Dal mi jednak jeszcze dwa dni zwolnienia, wiec postanowilam pouczyc sie troche w domu i powysylac jeszcze troche cv tu i tam w sprawie stazu. Obojetnie jaka bedzie odpowiedz z tego insytutu gdzie bylam we wtorek...chcialabym miec mozliwosc wyboru jesli sie tylko da.
Odp: Zawziete po 40-tce- Wirtualna Grupa Wsparcia
No jak nie urok to...
po powrocie od fryzjera okazało się, że w mieszkaniu nie mam prądu, wywaliło korek u mnie i na klatce schodowej więc czekam na elektryka...
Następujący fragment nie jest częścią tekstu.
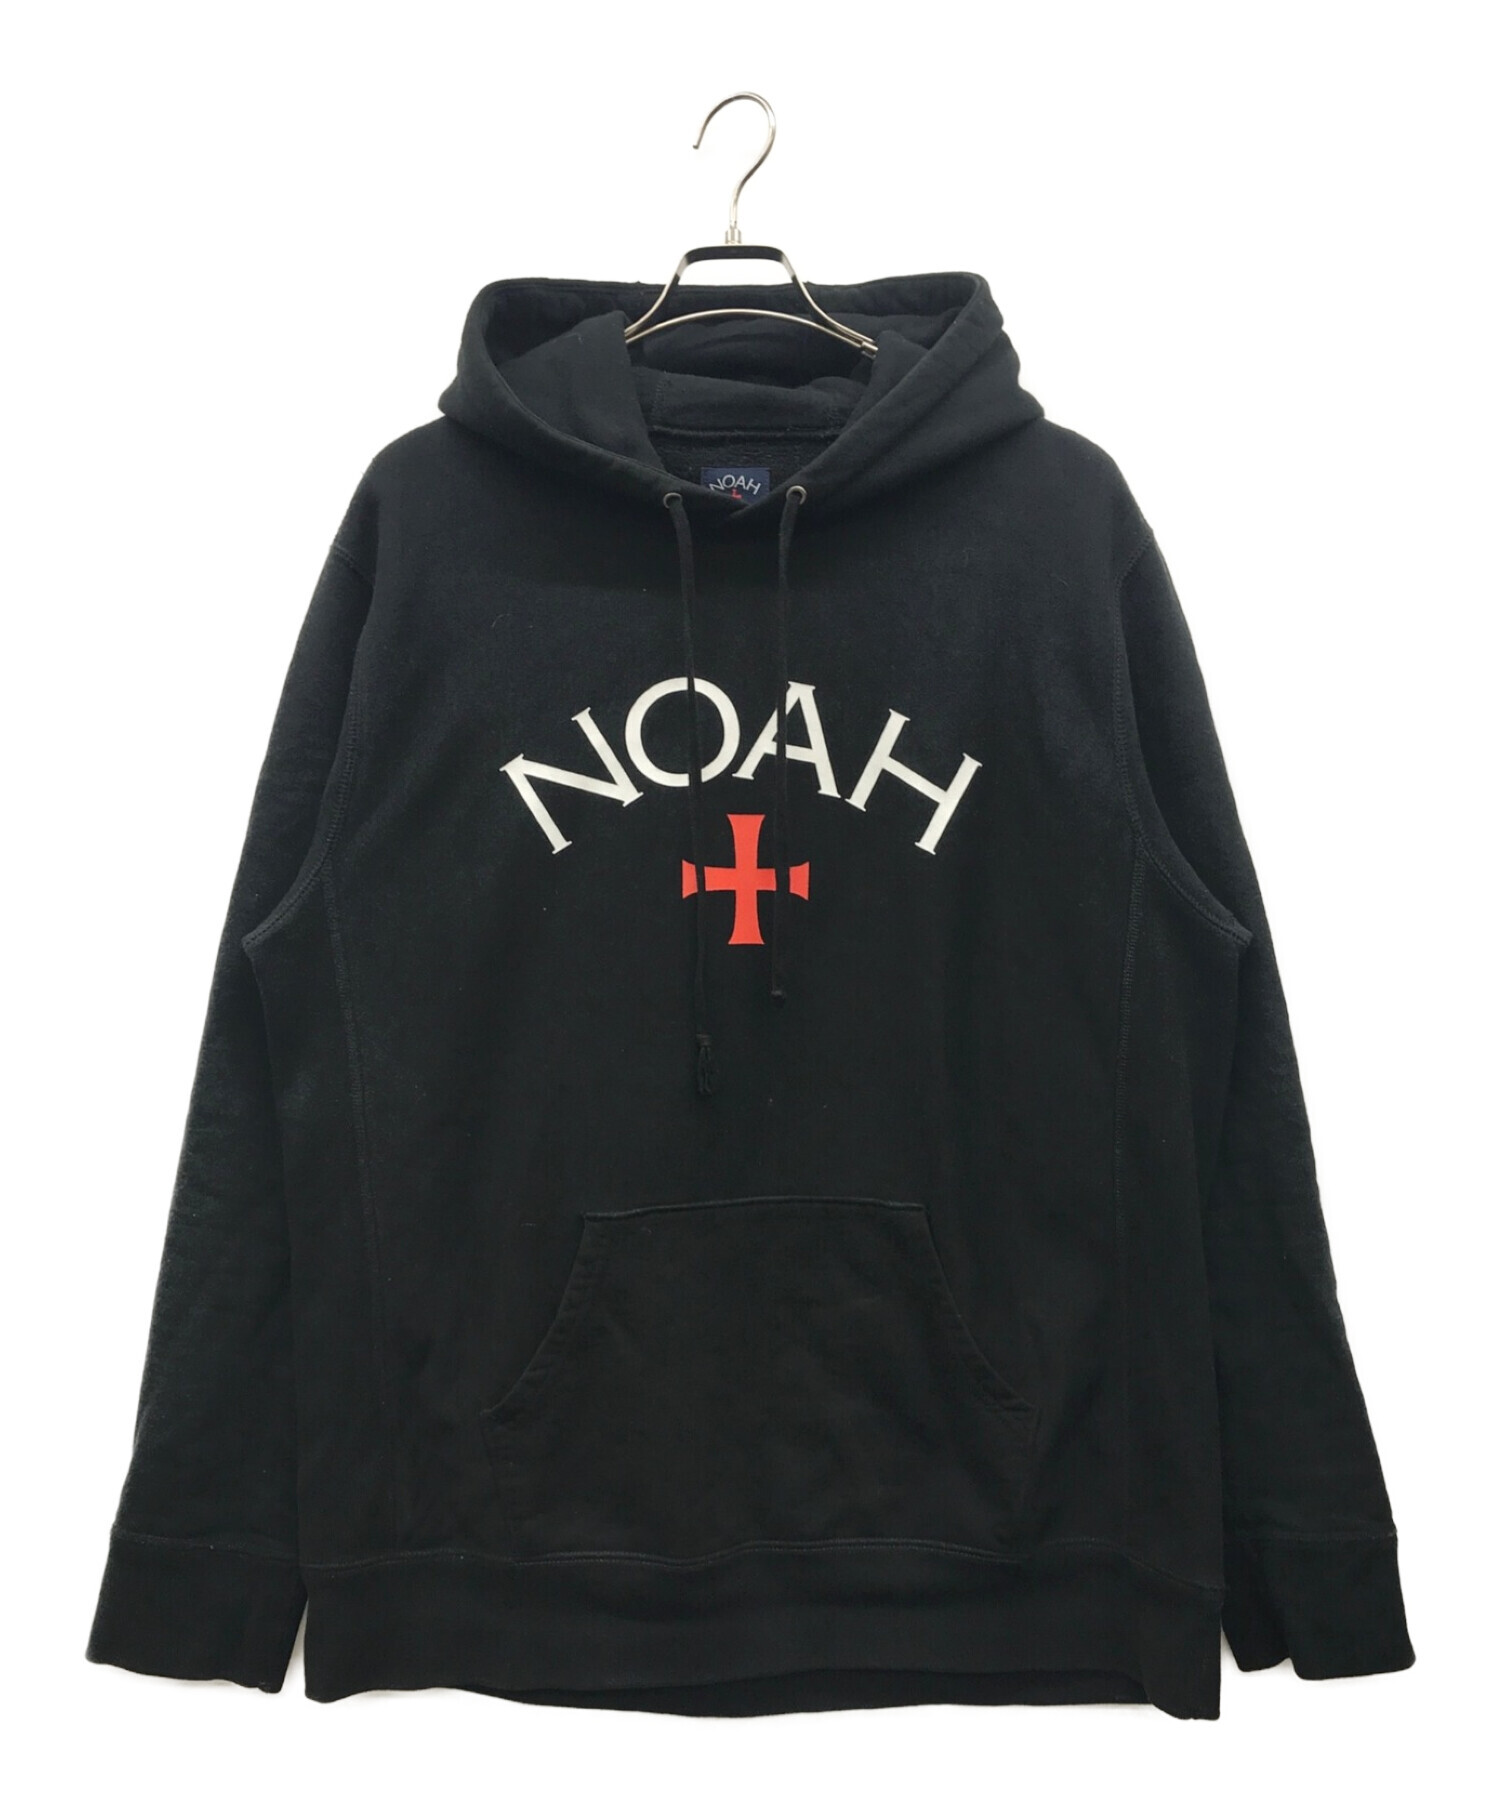 NOAH NYC CORE LOGO HOODIE XL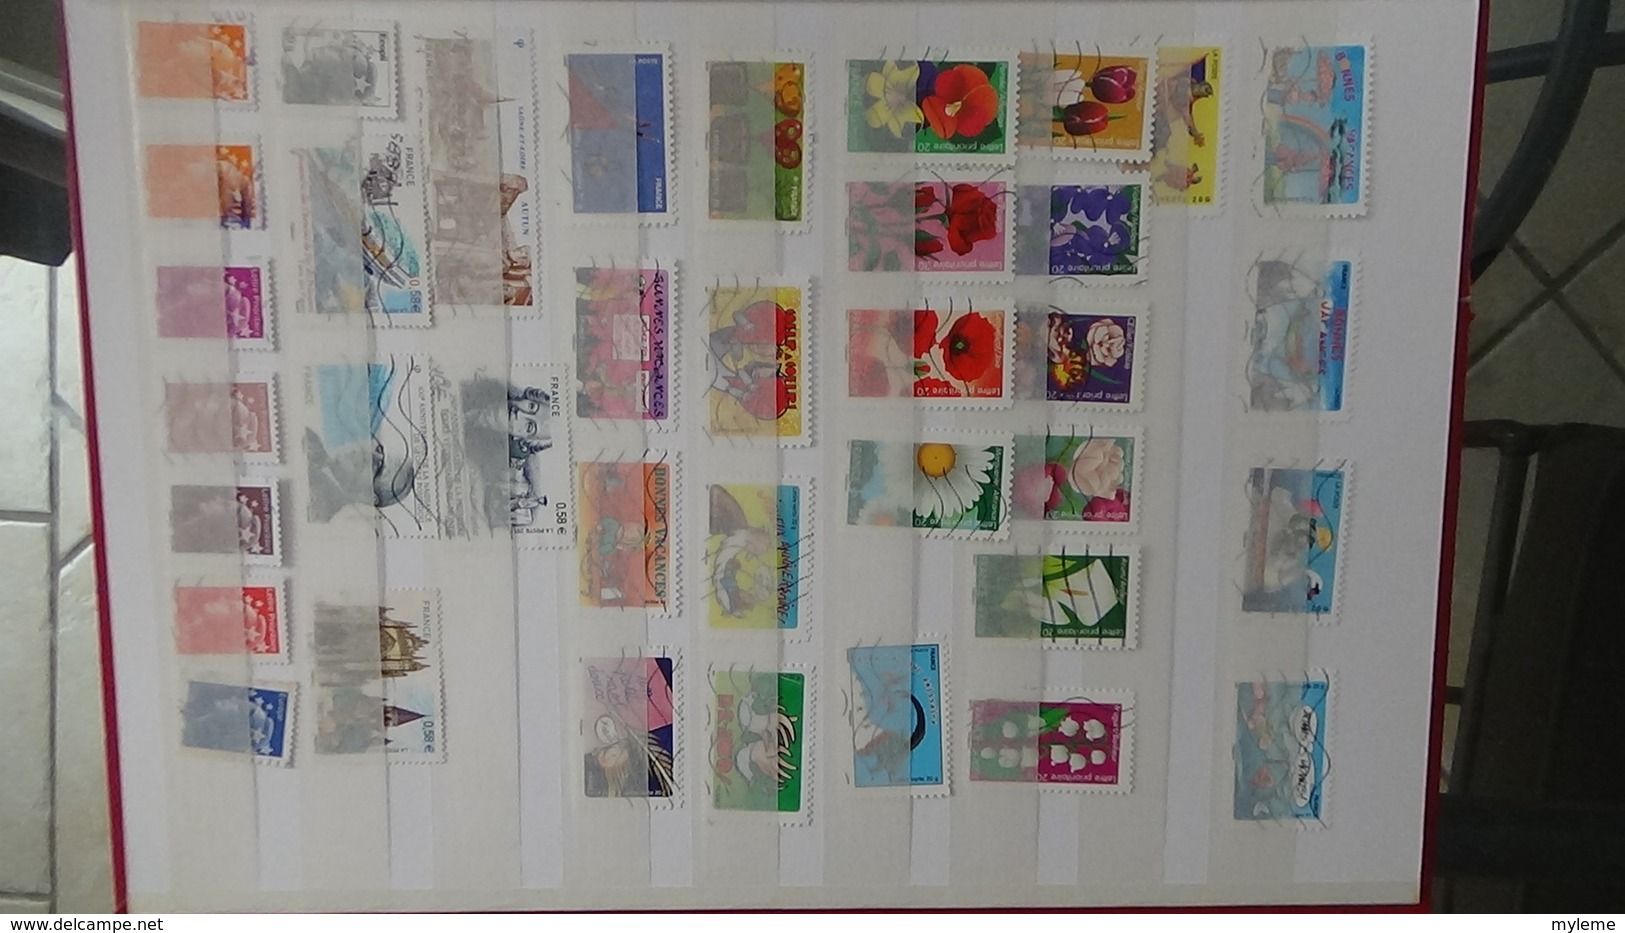 Collection France oblitéré timbres de 2007 à 2013 environ. Idéal pour completer une collection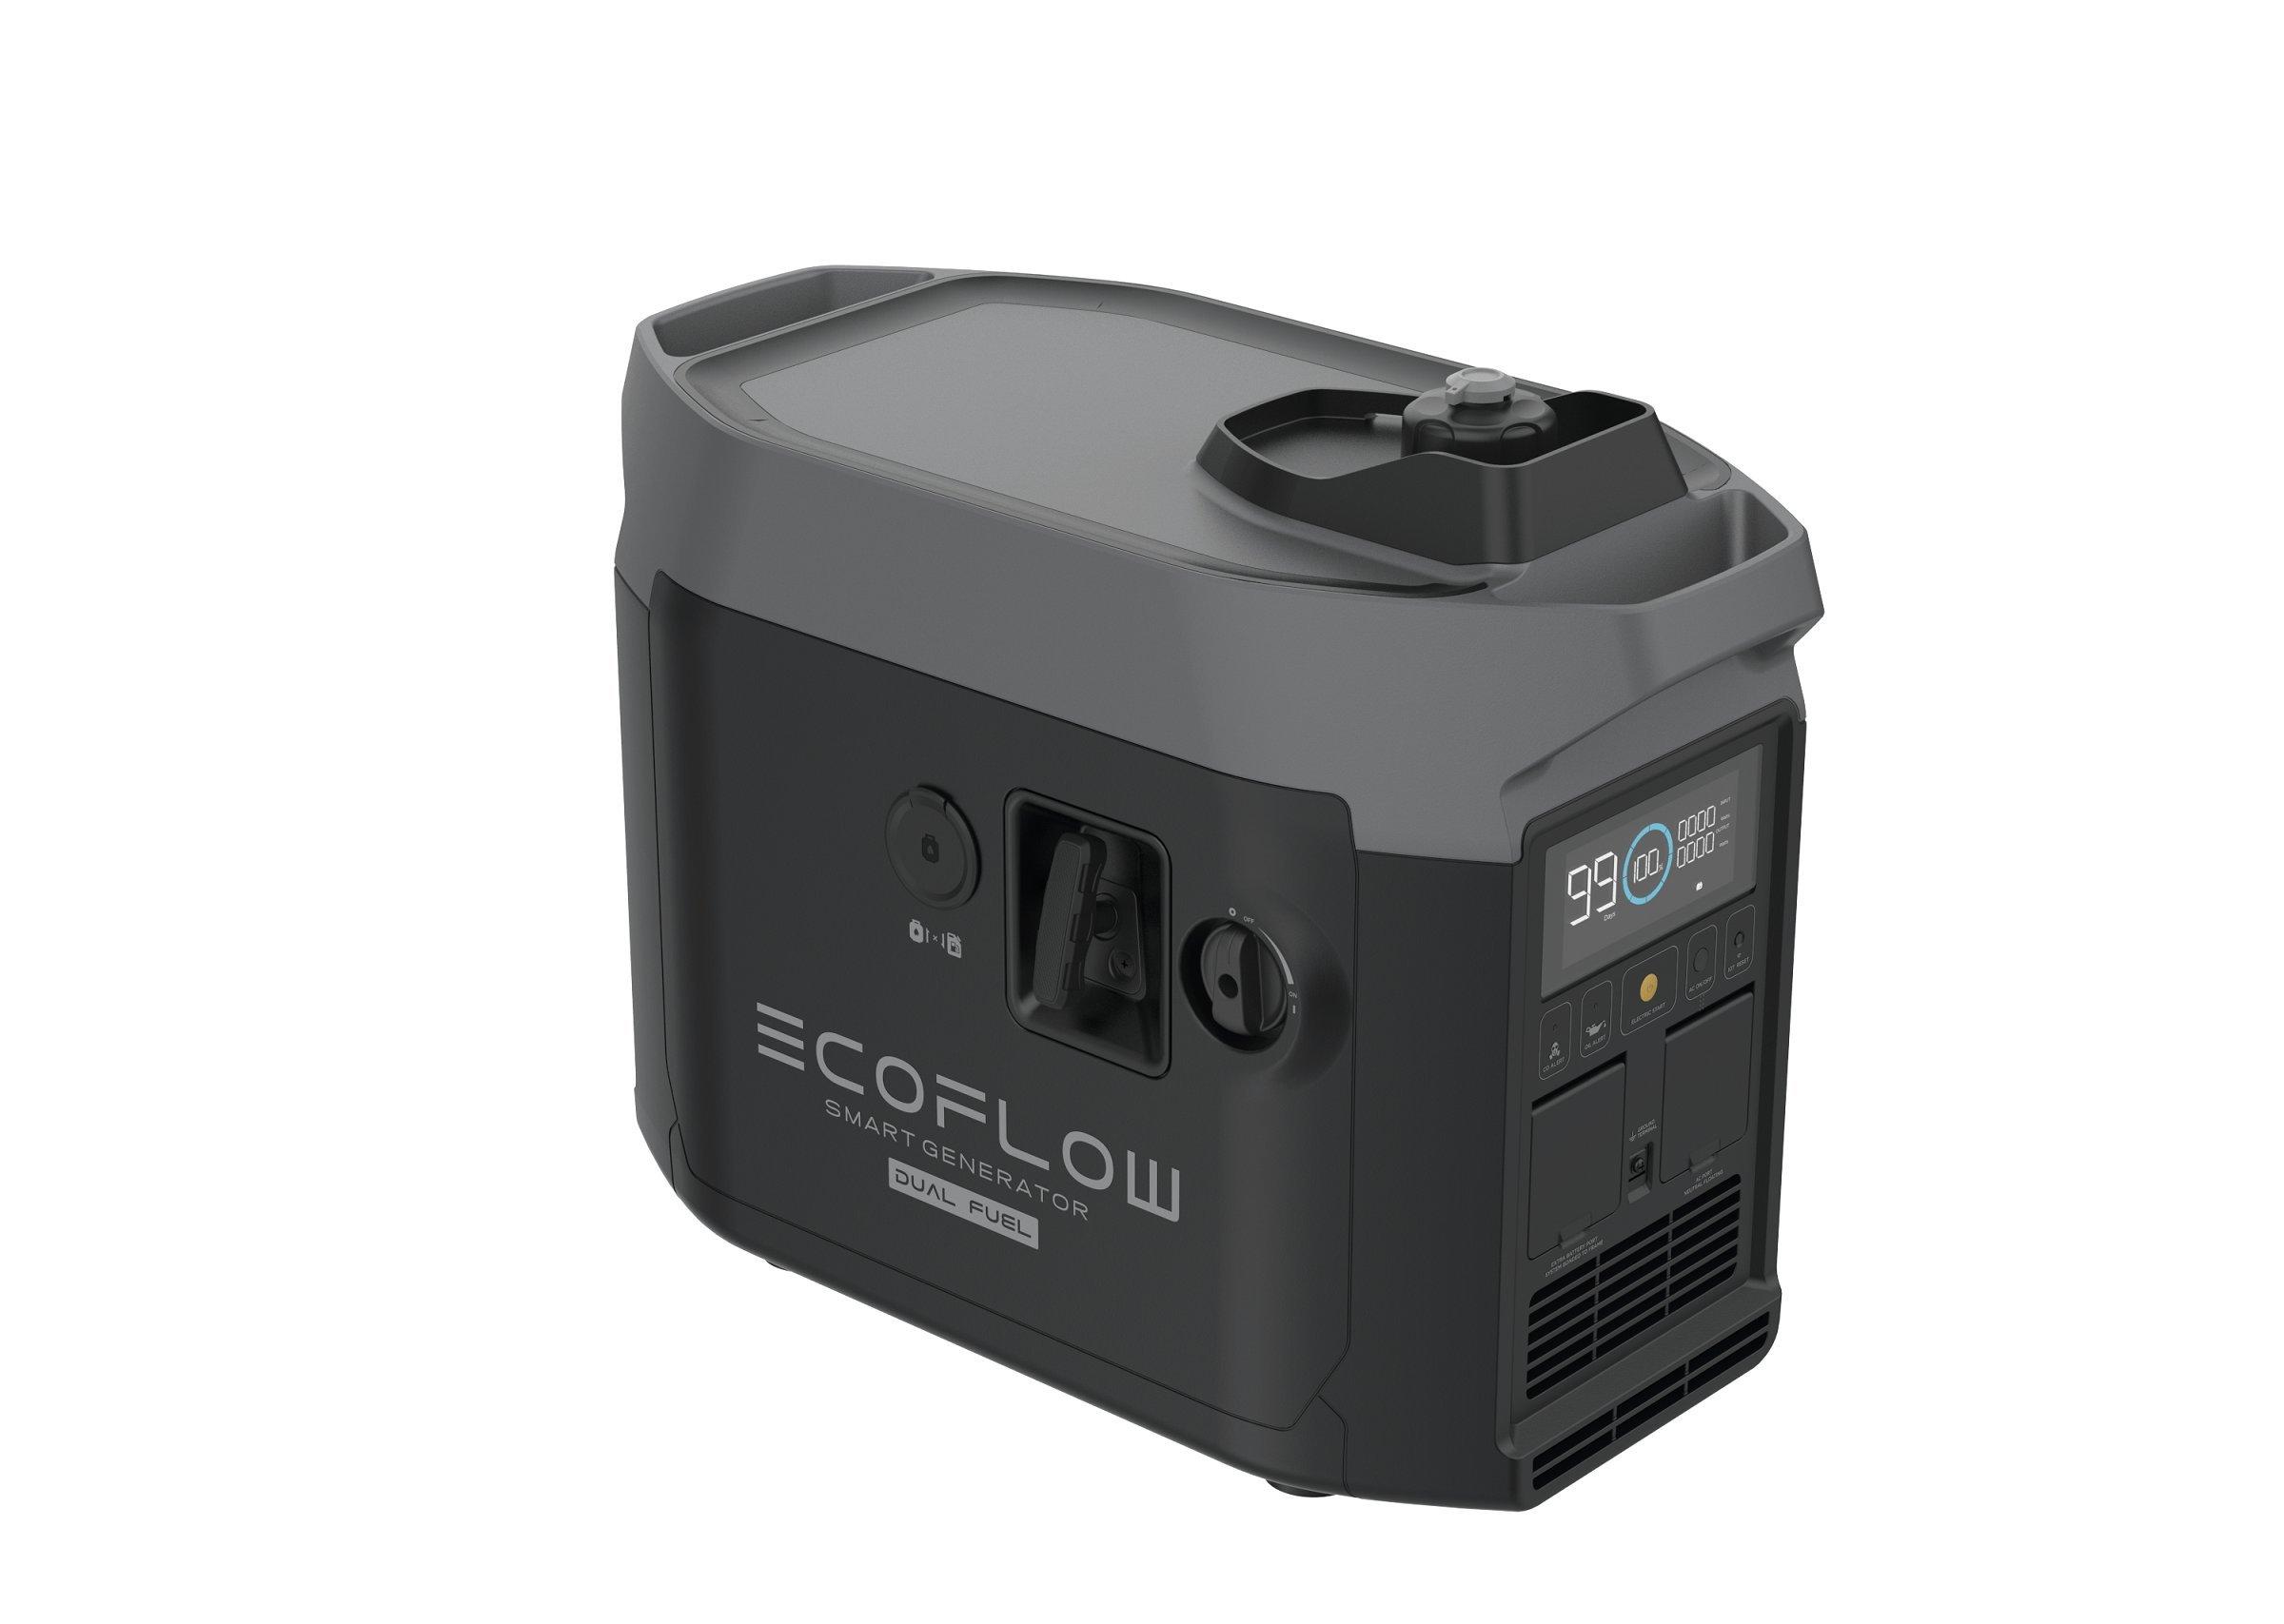 EcoFlow  Dual Fuel Smart Generator

potem wyprawa na zastrzyk a u mnie ślisko dzisiaj jak diabli bo padała mżawka i marzła :(
Kasiu dobrze, że zapisałaś się do laryngologa i dobrze, ze można tak z dnia na dzień, długo to u ciebie trwa ale miejmy nadzieję, że to już końcówka, chociaż jak bierzesz antybiotyk to już powinno być lepiej...
powodzenia w szukaniu miejsca na odbycie stażu :)
Gruszko czy już kiedyś stosowałaś dietę bezglutenową i bez laktozy na stawy czy tylko tak słyszałaś? ciekawa jestem czy pomogło już ci takie odżywianie, ja mam problemy z kolanami, może tez powinnam spróbować:beurk:
Maniusiu straszne to co piszesz o tych agresywnych psach, może jakoś wspólnymi siłami jako sąsiedzi dojdziecie kto tak postępuje???
Agnieszko tez się cieszę, że urodzinki spędzę z najbliższymi ale J. wraca szybciej do Polski a ja zostaję dłużej :mdr:
Krysiu przejmuję się ta sześćdziesiątką bo stan ducha to jedno a fizyczność to drugie niestety....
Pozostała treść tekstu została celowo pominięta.